Th. Il me semble que si par l’importance de la conséquence on entend celle du conséquent, c’est-à-dire la grandeur du bien ou du mal qui peut suivre, on doit tomber dans l’espèce précédente de faux jugement, où le bien ou mal à venir est mal représenté. Ainsi il ne reste que la seconde espèce de faux jugement dont il s’agit présentement, savoir celle où la conséquence est mise en doute.

Ph. Il serait aisé de montrer en détail que les échappatoires que je viens de toucher sont tout autant de jugements déraisonnables ; mais je me contenterai de remarquer, en général, que c’est agir directement contre la raison que de hasarder un plus grand bien pour un plus petit (ou de s’exposer à la misère pour acquérir un petit bien et pour éviter un petit mal), et cela sur des conjonctures incertaines et avant d’être entré dans un juste examen.

Th.
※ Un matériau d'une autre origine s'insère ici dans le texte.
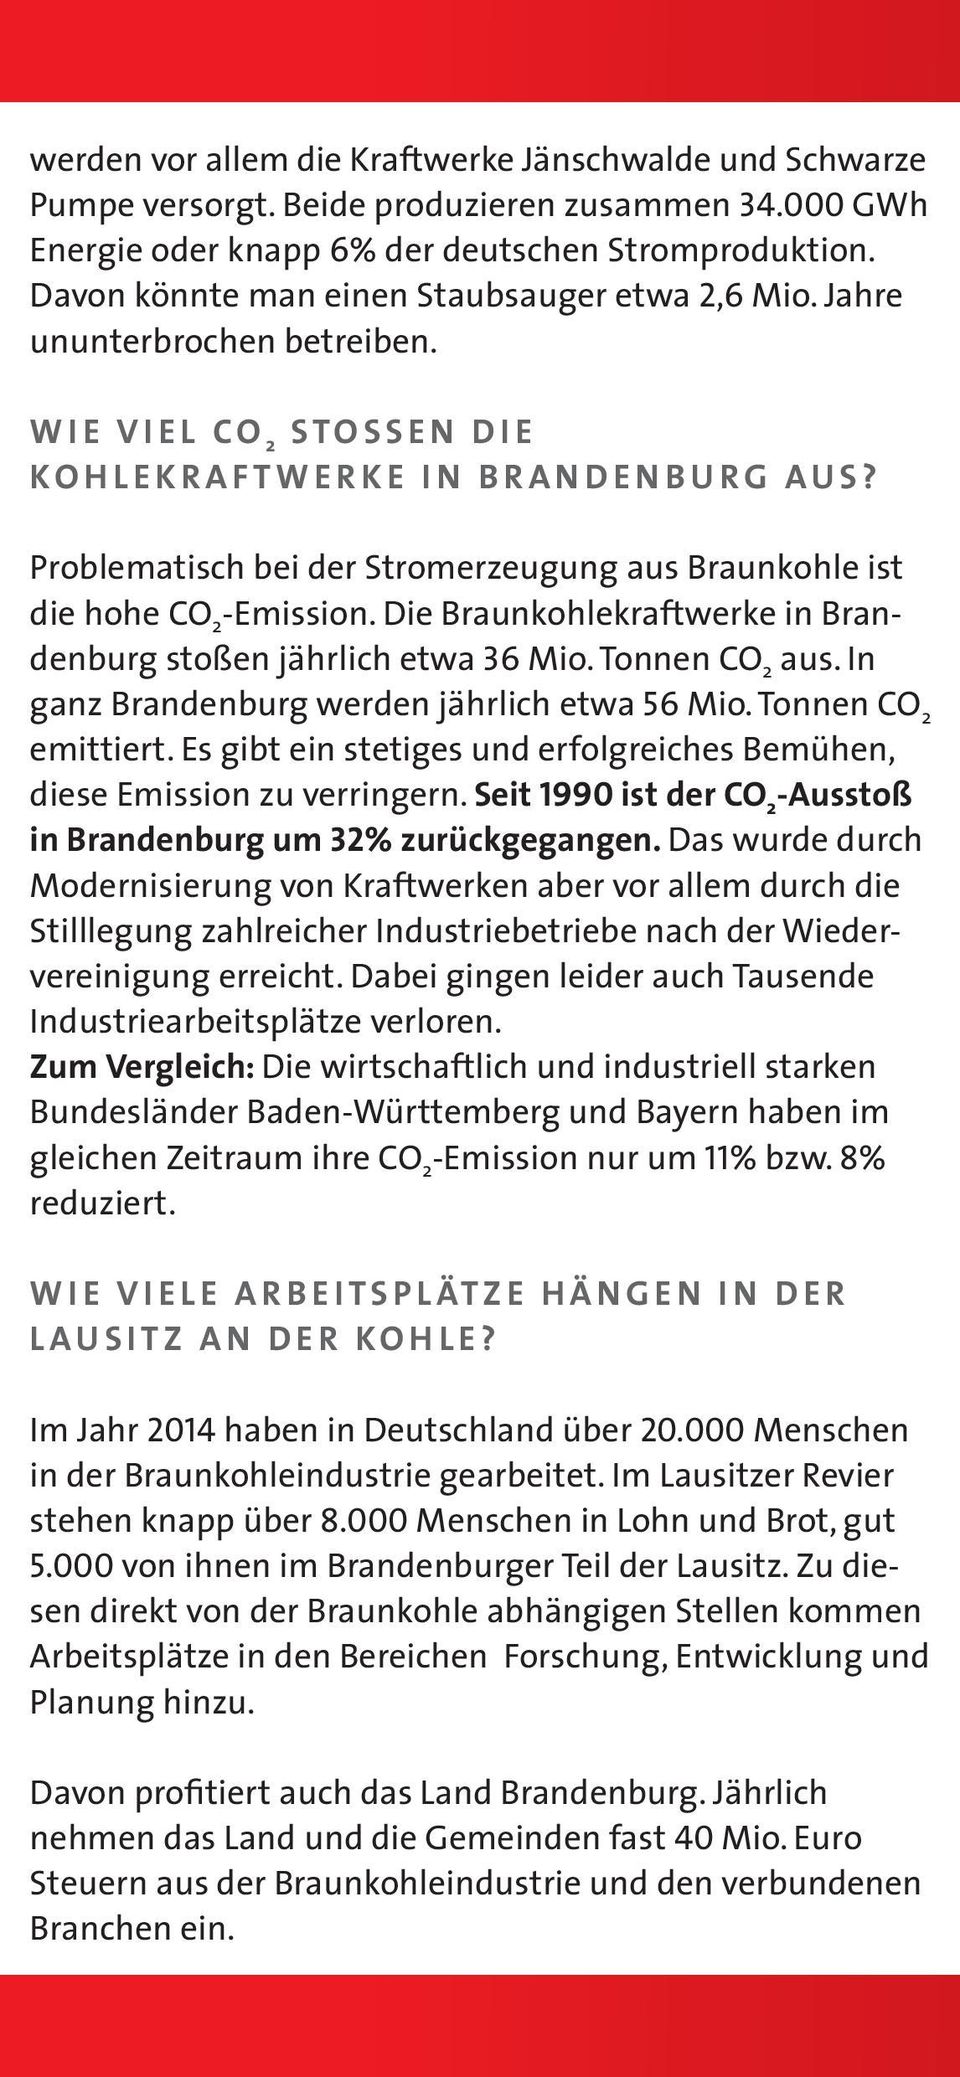 Problematisch bei der Stromerzeugung aus Braunkohle ist die hohe CO 2 -Emission. Die Braunkohlekraftwerke in Brandenburg stoßen jährlich etwa 36 Mio. Tonnen CO 2 aus.

Comme ce sont deux considérations hétérogènes (ou qu’on ne saurait comparer ensemble) que celle de la grandeur de la conséquence et celle de la grandeur du conséquent[1] les moralistes, en les voulant comparer, se sont assez embrouillés, comme il parait par ceux qui ont traité de la probabilité. La vérité est qu’ici comme en d’autres estimes disparates et hétérogènes et pour ainsi dire de plus d’une dimension, la grandeur de ce dont il s’agit est en raison composée de l’une et l’autre estimation, et comme un rectangle où il y a deux considérations, savoir celle de la longueur et celle de la

  1. La grandeur de la conséquence, c’est-à-dire le plus ou moins de probabilités que le bien ou le mal prévus arriveront : la grandeur du conséquent, c’est-à-dire le plus ou moins de bien ou de mal que l’événement doit amener. P. J.